> _DATASET SECTION_:

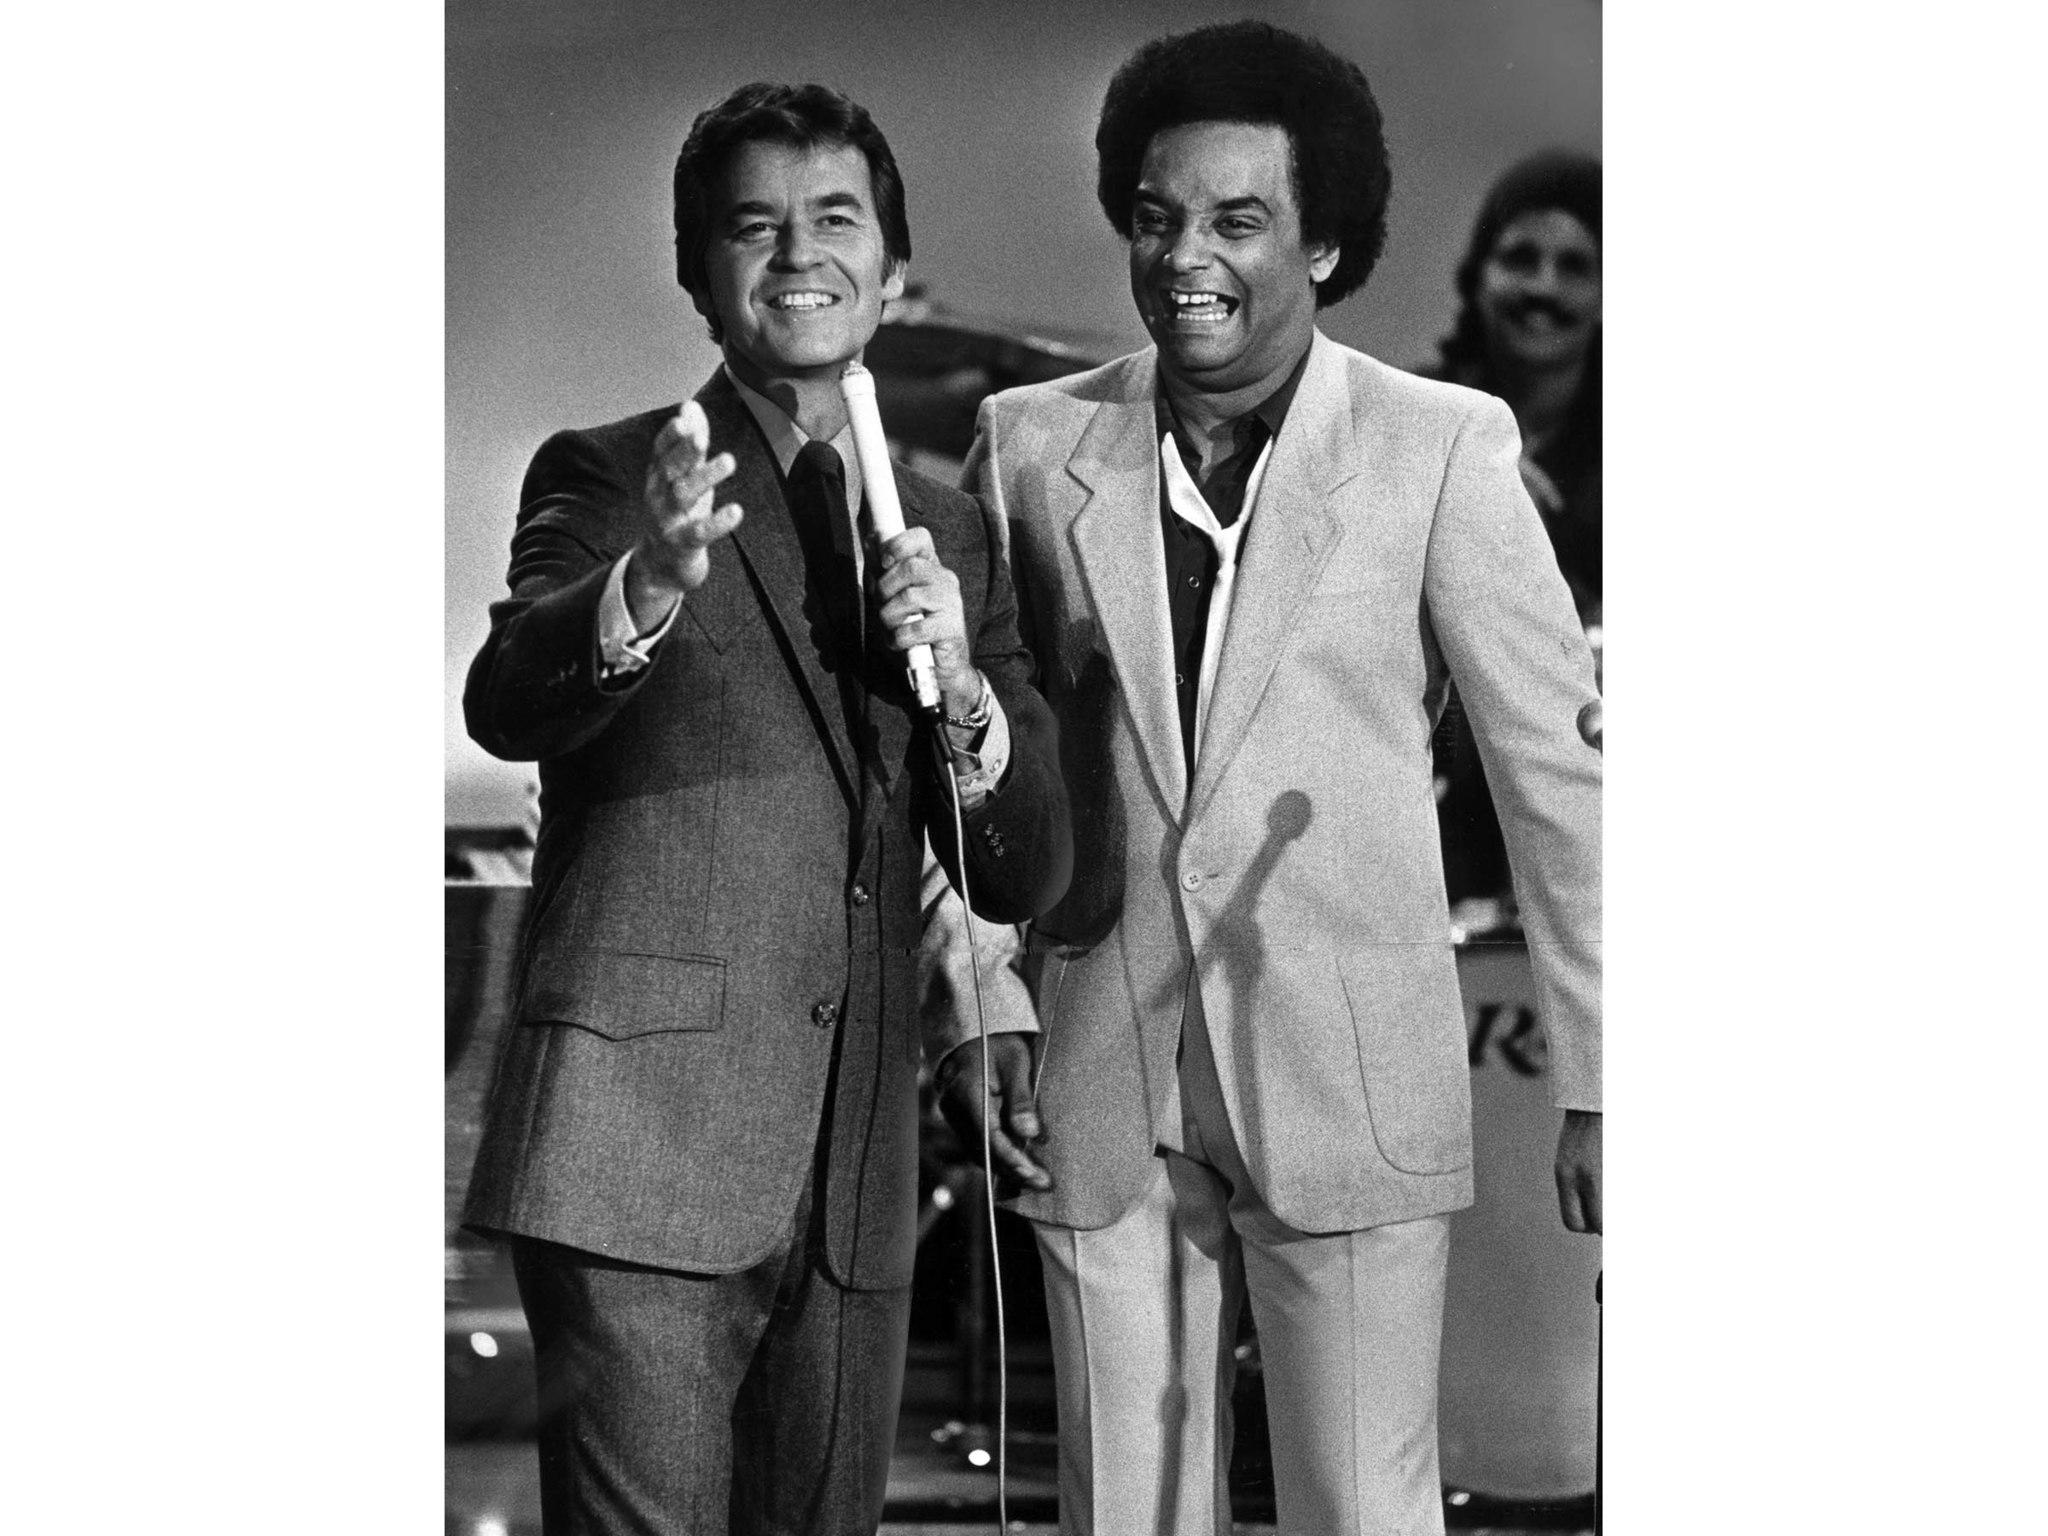 May 16, 1981: Dick Clark with rocker Gary U.S. Bonds, singer of 1961 hit
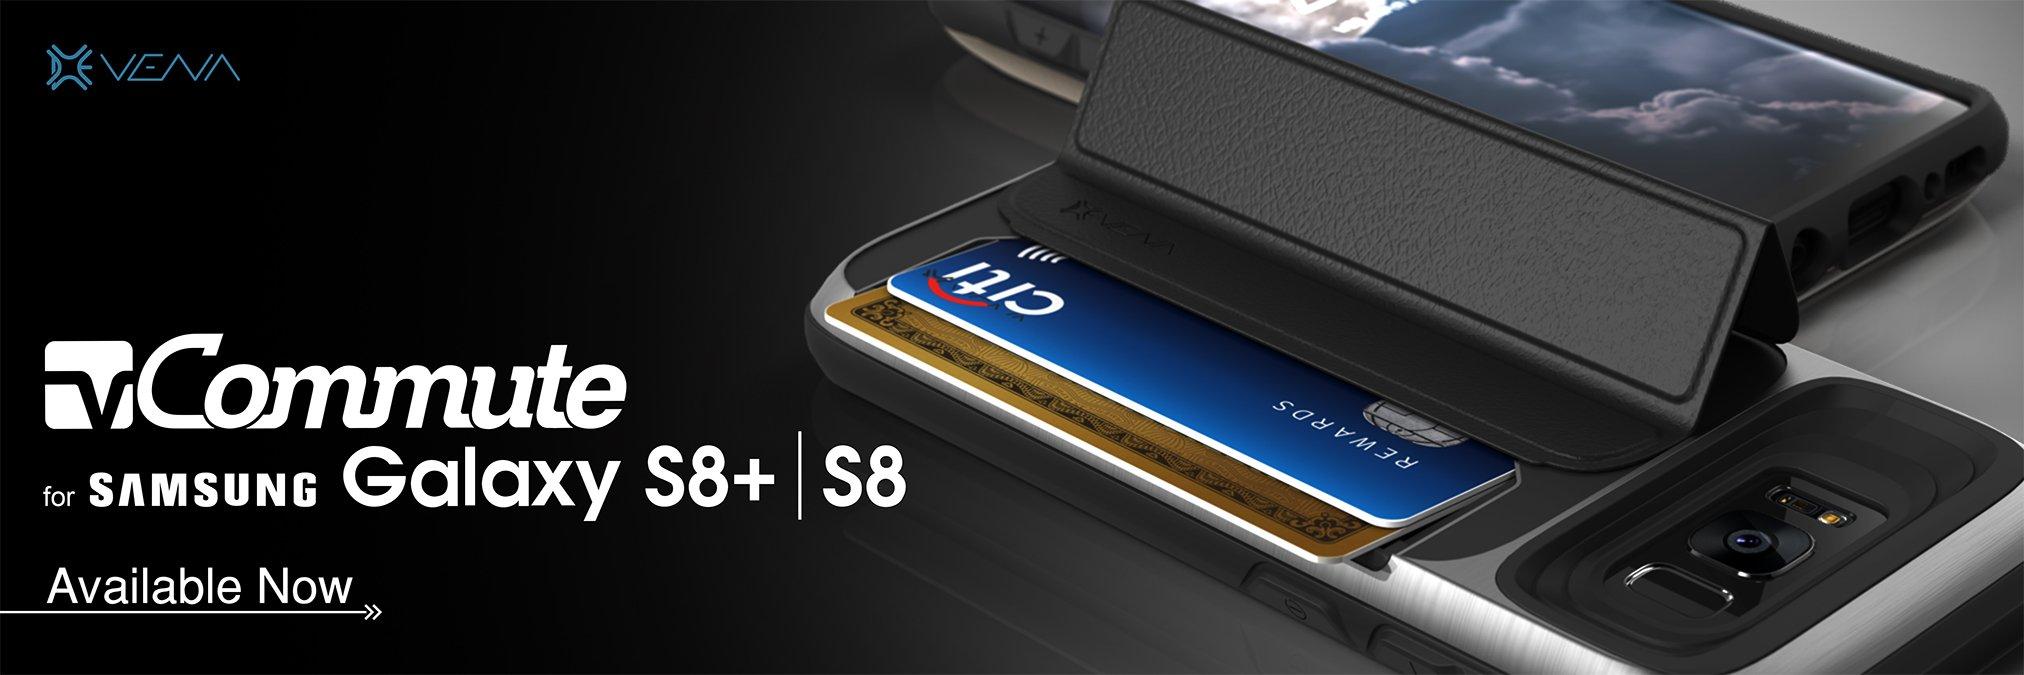 vCommute Galaxy S8
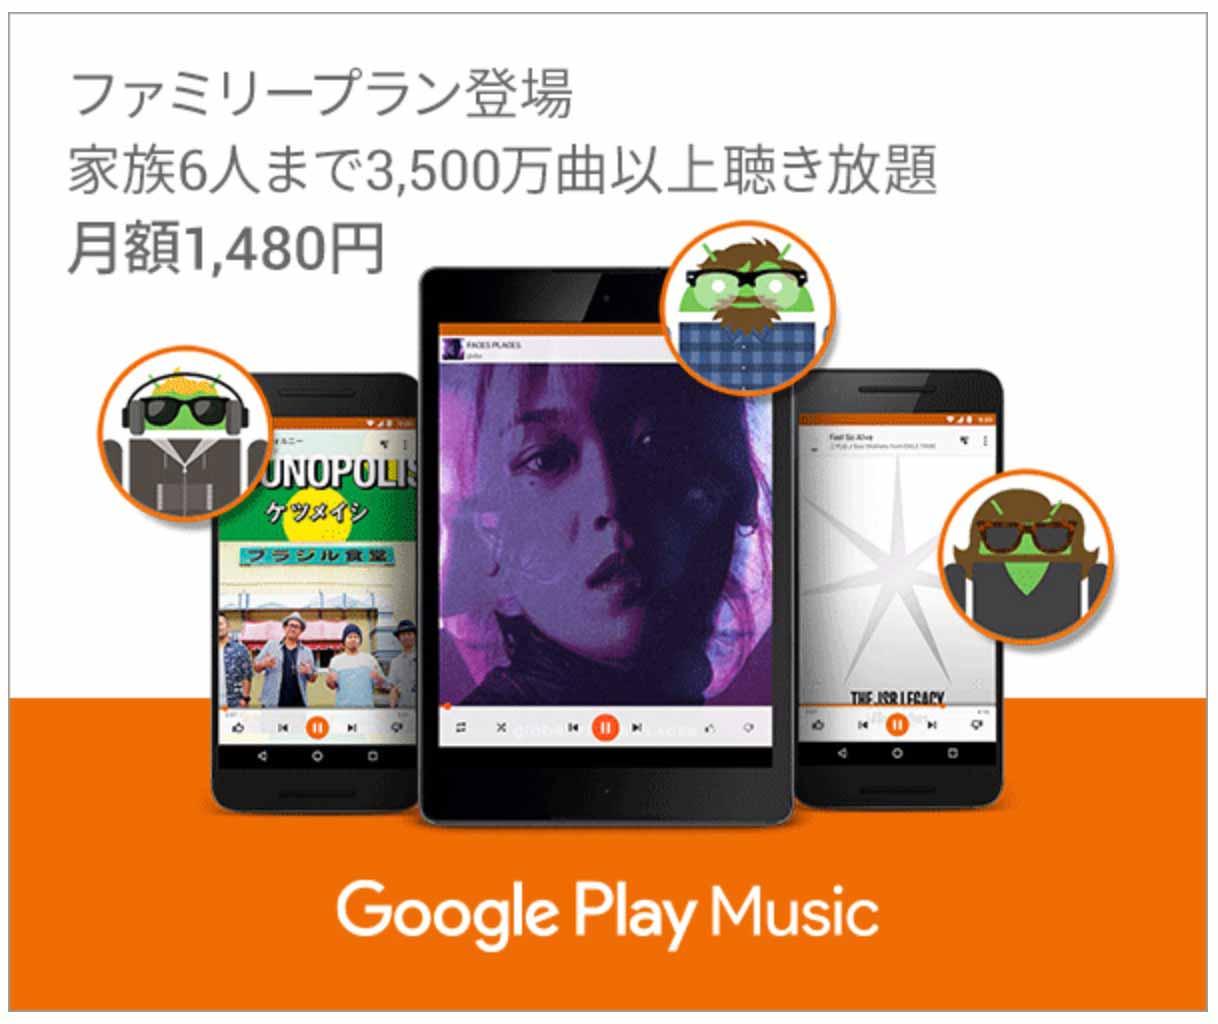 Google、Google Play Musicファミリープランの提供を開始
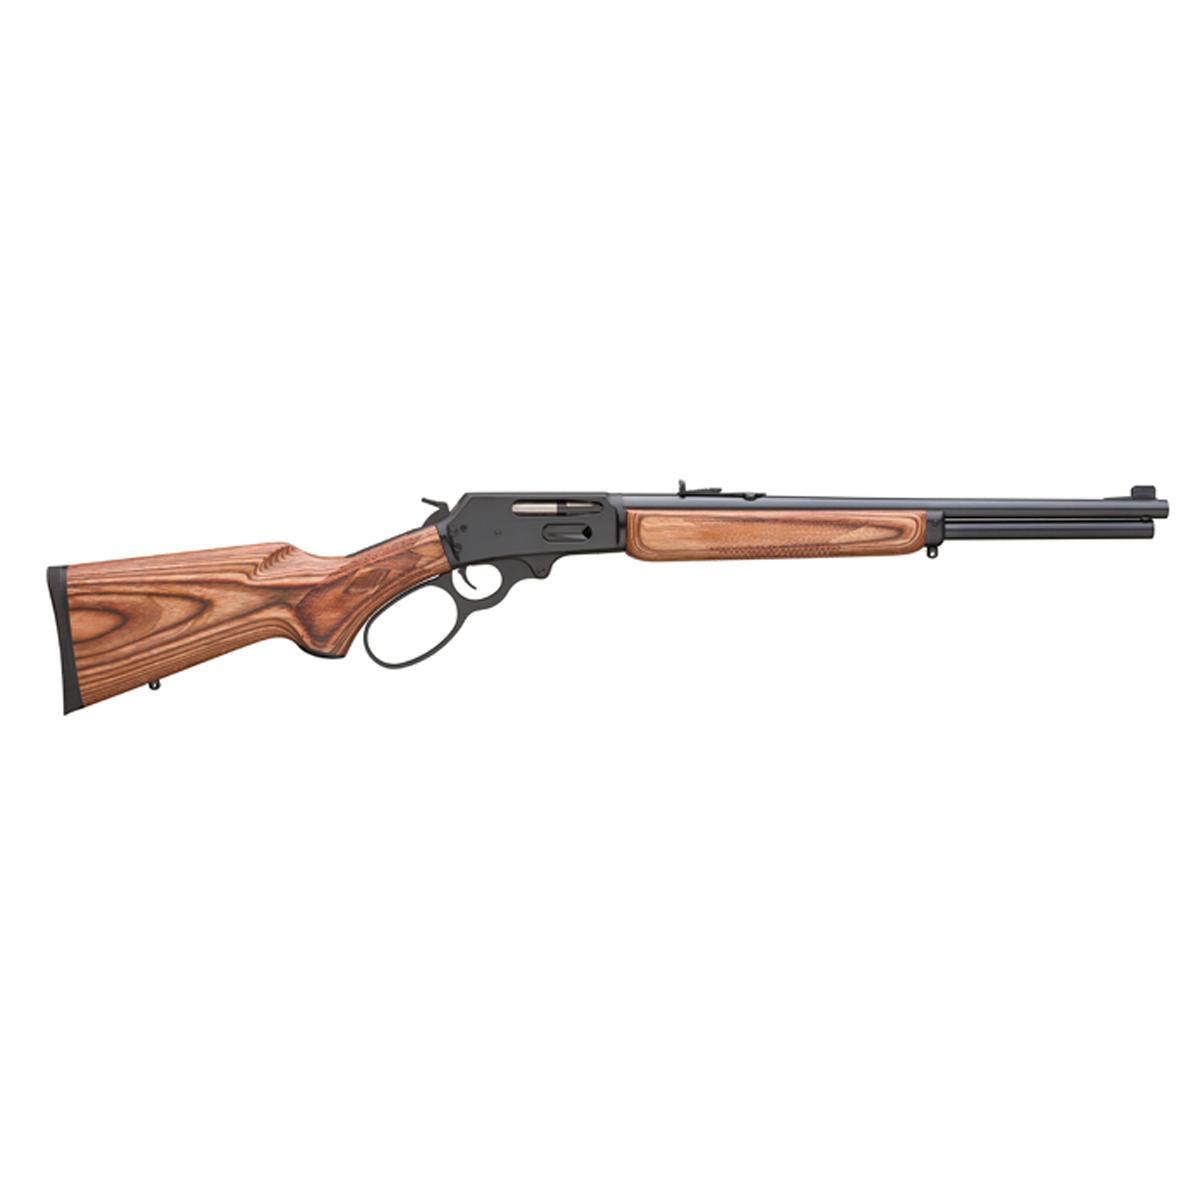 Marlin 336BL Big Loop .30-30 - Fisher Firearms

> _WORK INSTRUCTION_:
Repeat the whole of the material above exactly, but keep the pictures out.

> _RESPONSE TO THIS EXERCISE_:
 May 16, 1981: Dick Clark with rocker Gary U.S. Bonds, singer of 1961 hit
 vCommute Galaxy S8
 Google、Google Play Musicファミリープランの提供を開始
 Marlin 336BL Big Loop .30-30 - Fisher Firearms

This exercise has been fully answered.